Tempo: Excursions in 21st Century Italian Poetry

Editor:  
Translator: Various

The cover to Tempo: Excursions in 21st Century Italian PoetryCardigan, Wales. Parthian. 2022. 308 pages.

TEMPO: Excursions in 21st Century Italian Poetry is an excellent bilingual survey of current Italian poetry’s diversity and dynamism. Editor Luca Paci (co-director of the Italian Cultural Centre Wales) has selected 106 pieces by twenty-two poets (born between 1941 and 1994), most published since 2000, and translated by twenty-eight translators, most of whom are themselves poets. Tempo highlights three characteristics of Italian poetry today: unencumbered acknowledgment of the past; invention; and growing inclusiveness.

Unsurprisingly, Italy’s long and varied histories surface in many of the poems selected by Paci—but as points of departure or touchstones, not as anchors. Poems refer to Aeneas, the gods of antiquity, Varro, Galla Placidia, and the Mons Capitolinus, but also (sometimes in the same poem) to Juventus, Fiumicino Airport, the Bologna Massacre of 1980, Miami Vice, and the Dow Jones. Traditional modes and forms are represented without being taxidermied. For instance, poems by Milo De Angelis are models of elegiac lyricism, combining universals of grief and loss with specifics of Milan’s Lambrate neighborhood; the translations by Patrizio Ceccagnoli and Susan Stewart are models of balanced restraint. Patrizia Valduga writes sonnets that Geoffrey Brock renders with equivalent nerviness while replicating the rhyme scheme.
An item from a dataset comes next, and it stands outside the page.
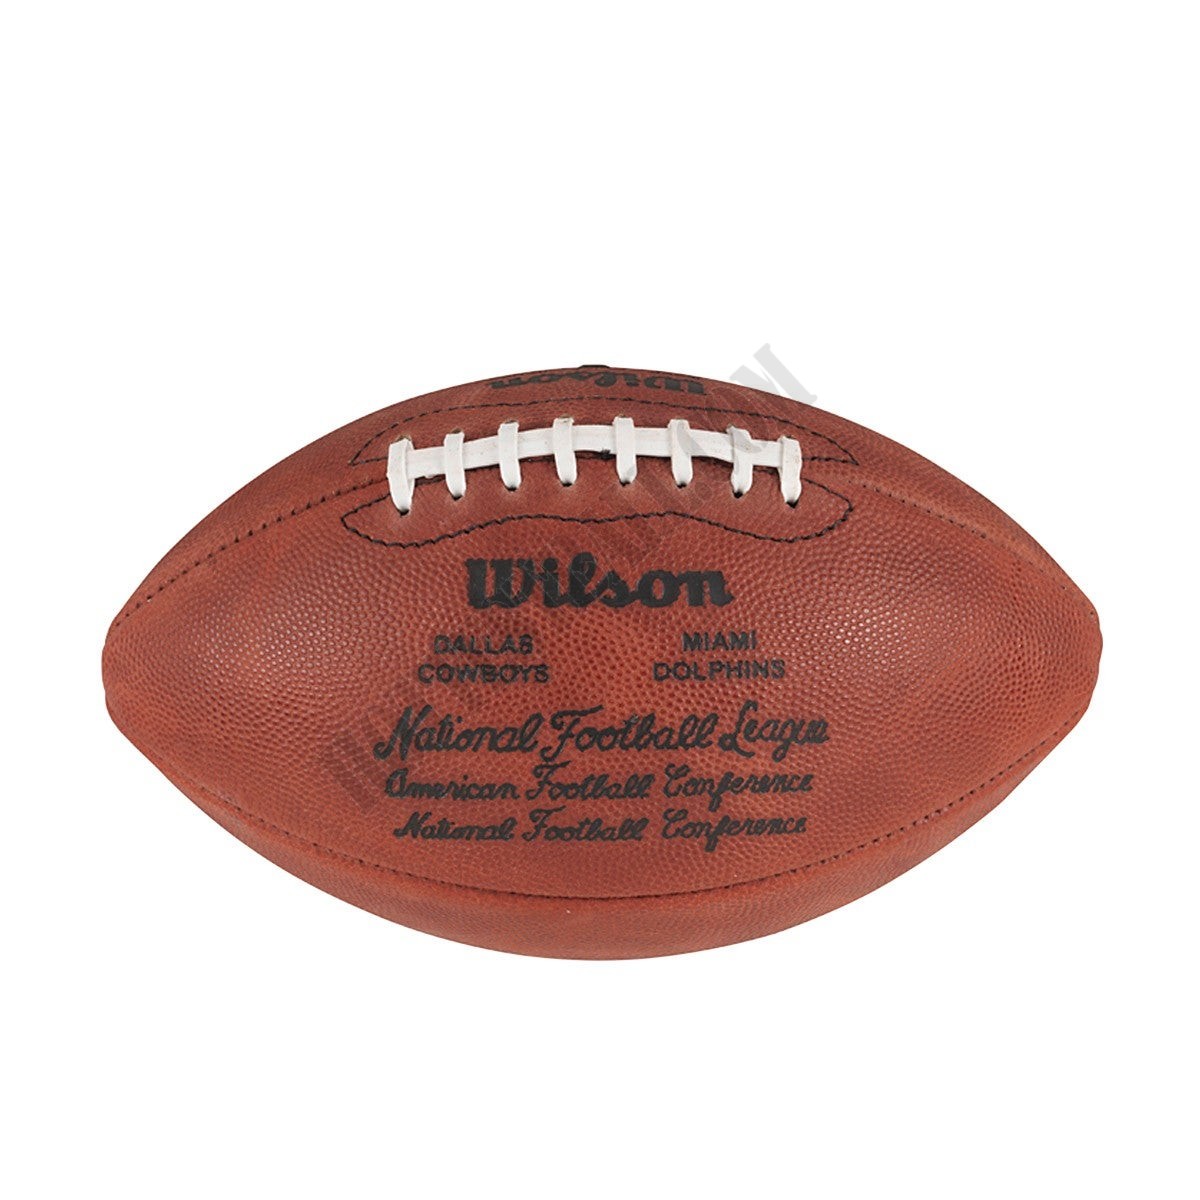 Super Bowl VI Game Football - Dallas Cowboys ● Wilson Promotions - Super Bowl VI Game Football - Dallas Cowboys ● Wilson Promotions

Many others deploy new forms, such as the slam-born, performance-oriented poetry of Lello Voce (translated by Susanna Maggioni), Mariangela Gualtieri (Anthony Molino, Olivia E. Sears, Cristina Viti), and Rosaria Lo Russo (Serena Todesco, William Wall). Another species altogether, Marco Giovenale’s rarefied, laconic pieces play with possibilities of asemic expression (translated by Linh Dinh, Jennifer Scappettone, and Giovenale himself).

Tempo takes a wide view, including a poem in Sardinian by Antonella Anedda, translated by Jamie McKendrick, and poems by Fabio Franzin (translated by Cristina Viti) in Veneto-Treviso dialect. Shirin Ramzanali Fazel’s originally self-published poems are a highlight of the collection. She wrote them in English, interspersed with Somali and Arabic, and then translated them herself into Italian. However, Tempo would have benefited from an even wider view: only four of the poets selected were born south of Rome, and the anthology lacks poems focused on the Mezzogiorno, let alone in Sicilian or any of the southern dialects. Regardless, Paci has done a great service: Tempo will be a welcome addition to the bookshelves of anglophones whose knowledge of Italian poetry has not been updated beyond Ungaretti, Montale, Pasolini, and other giants of the last century.